- [THE PROBLEM]:
Write exactly the lines running from the start of the material below to the line that includes "Caju Swivel Lounge", and include no pictures.

- [DATA SHOWN]:
┌──
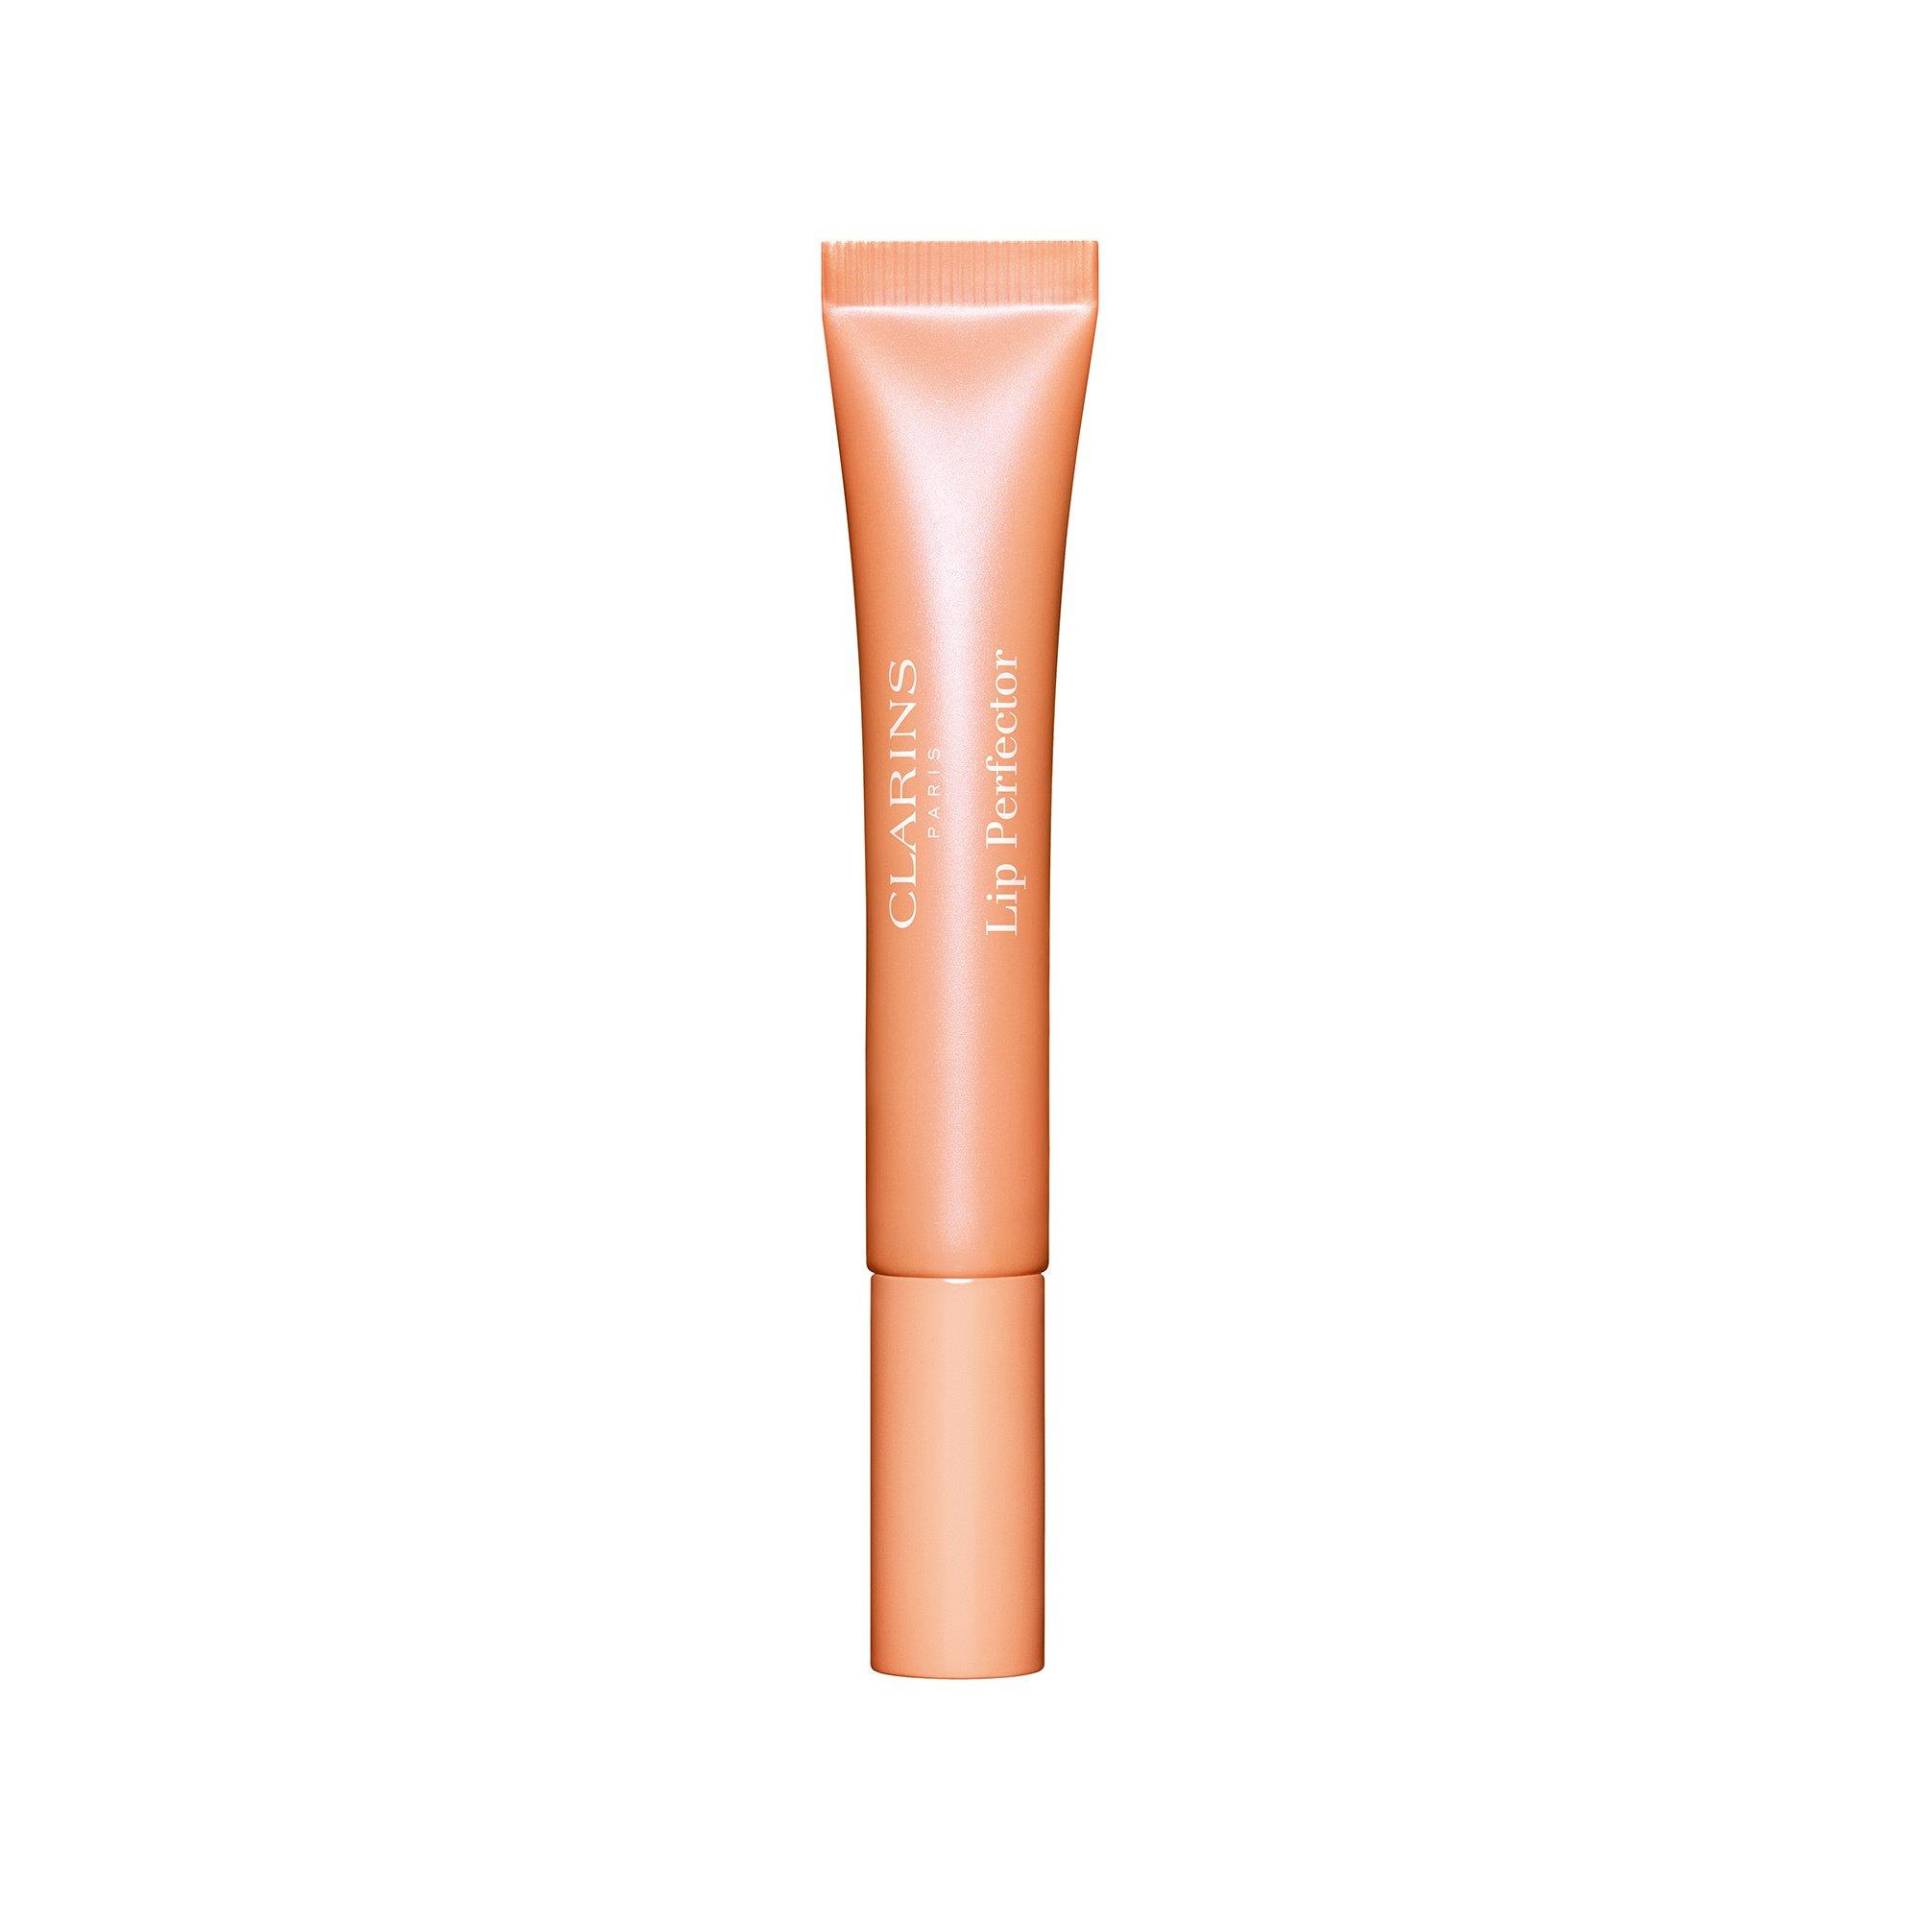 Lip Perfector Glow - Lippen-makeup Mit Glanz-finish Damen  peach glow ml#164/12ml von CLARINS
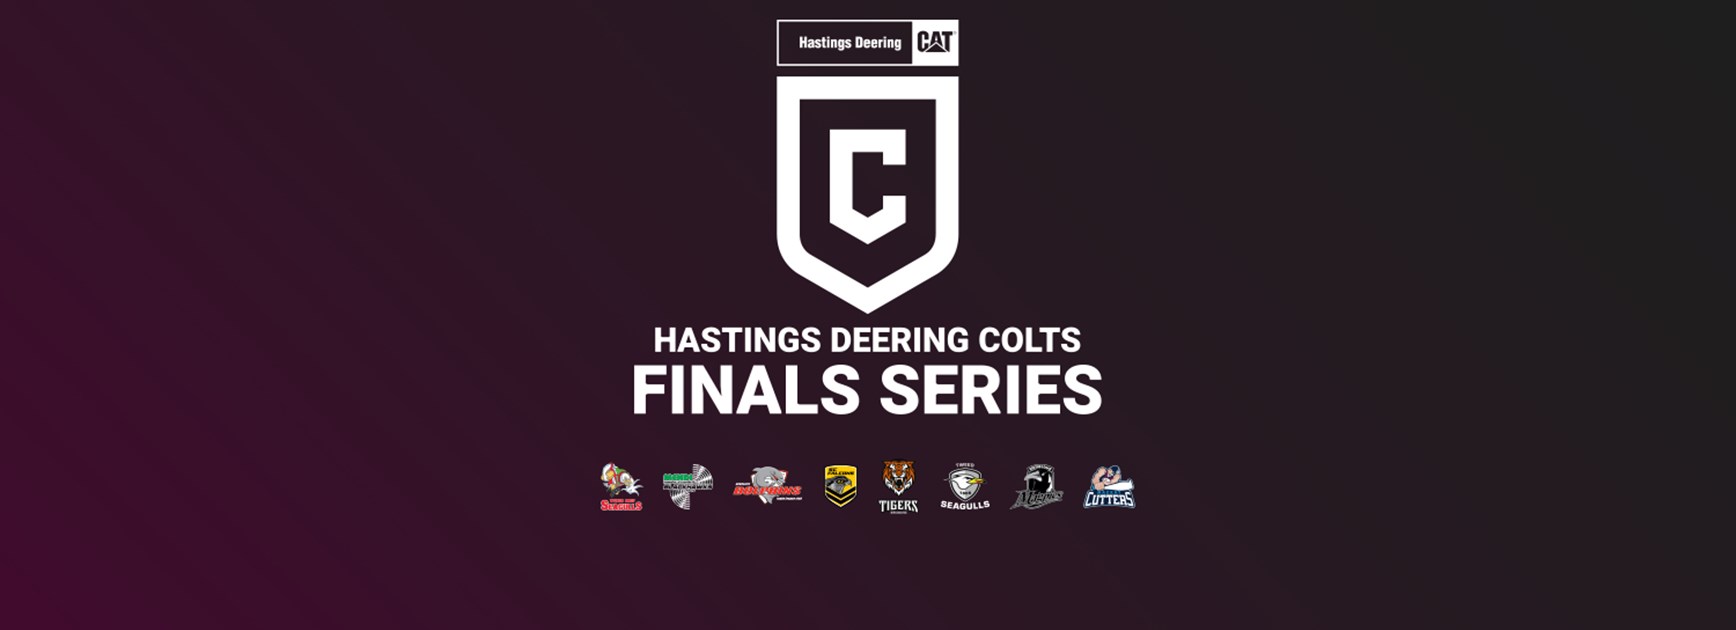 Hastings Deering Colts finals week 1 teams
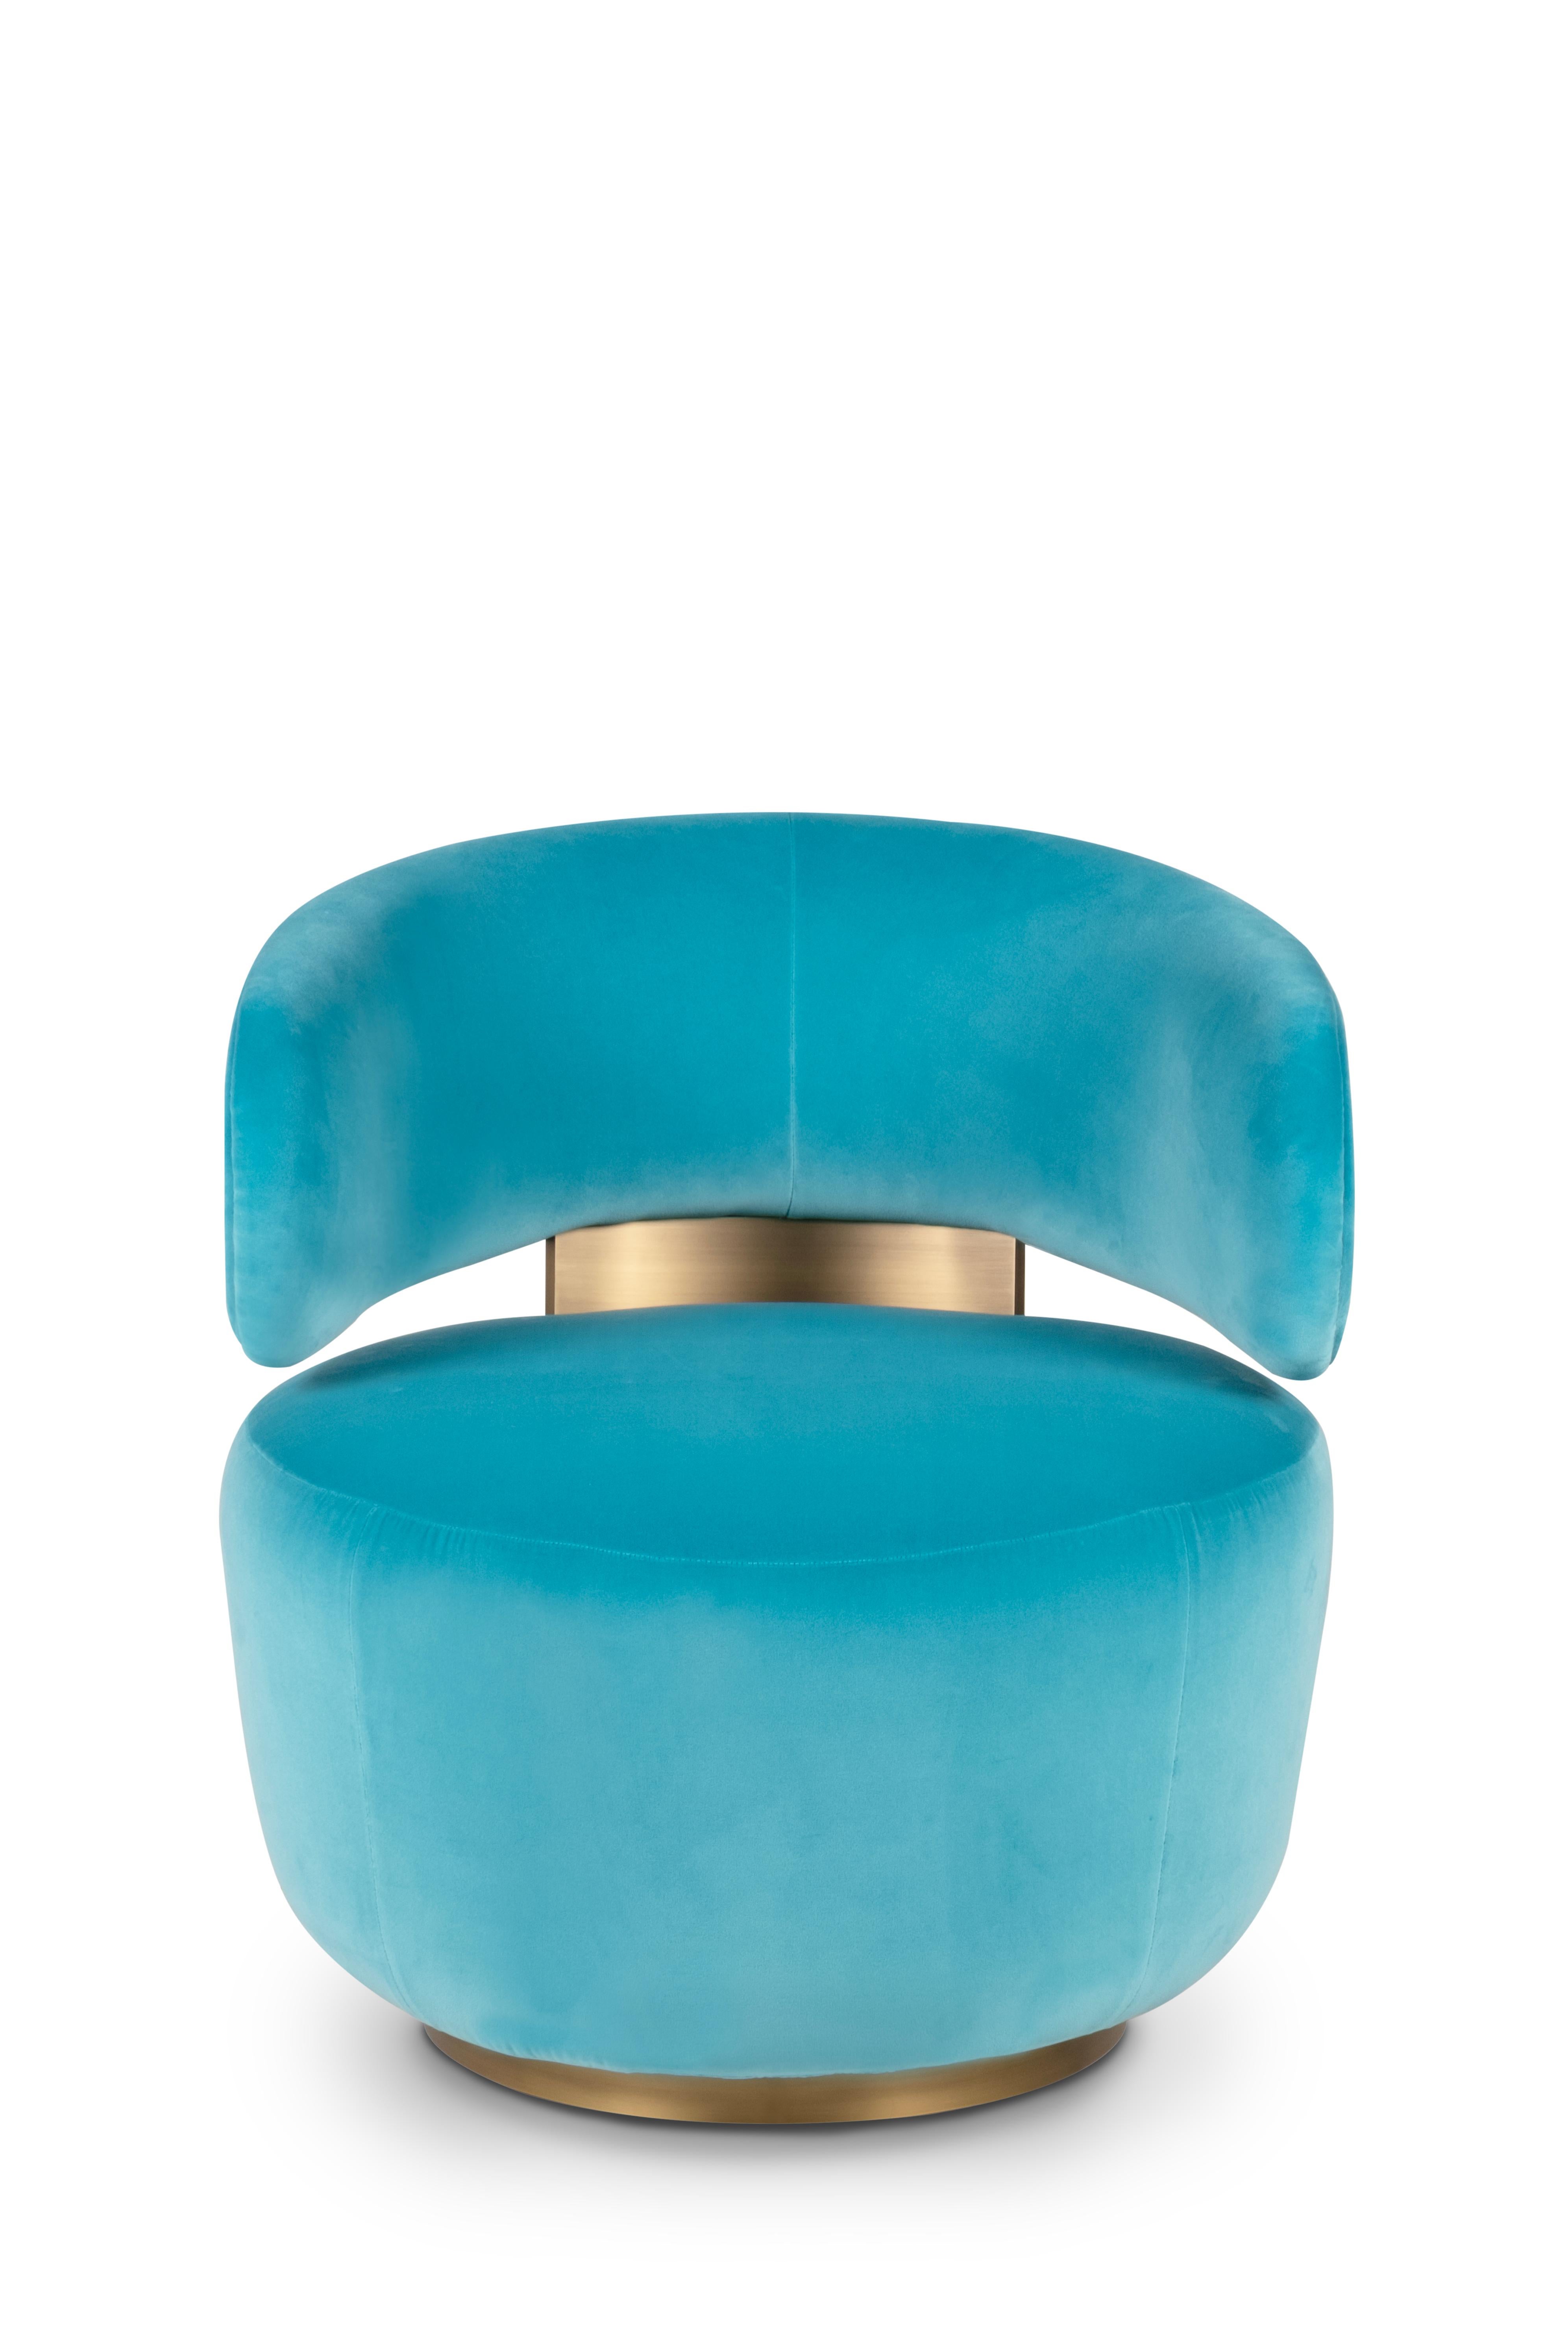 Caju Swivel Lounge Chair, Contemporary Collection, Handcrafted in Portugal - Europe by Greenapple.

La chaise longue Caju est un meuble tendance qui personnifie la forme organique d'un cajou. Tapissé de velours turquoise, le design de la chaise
└──
- [ANSWER BELOW]:
 Lip Perfector Glow - Lippen-makeup Mit Glanz-finish Damen  peach glow ml#164/12ml von CLARINS
 Hastings Deering Colts finals week 1 teams
 Caju Swivel Lounge Chair, Contemporary Collection, Handcrafted in Portugal - Europe by Greenapple.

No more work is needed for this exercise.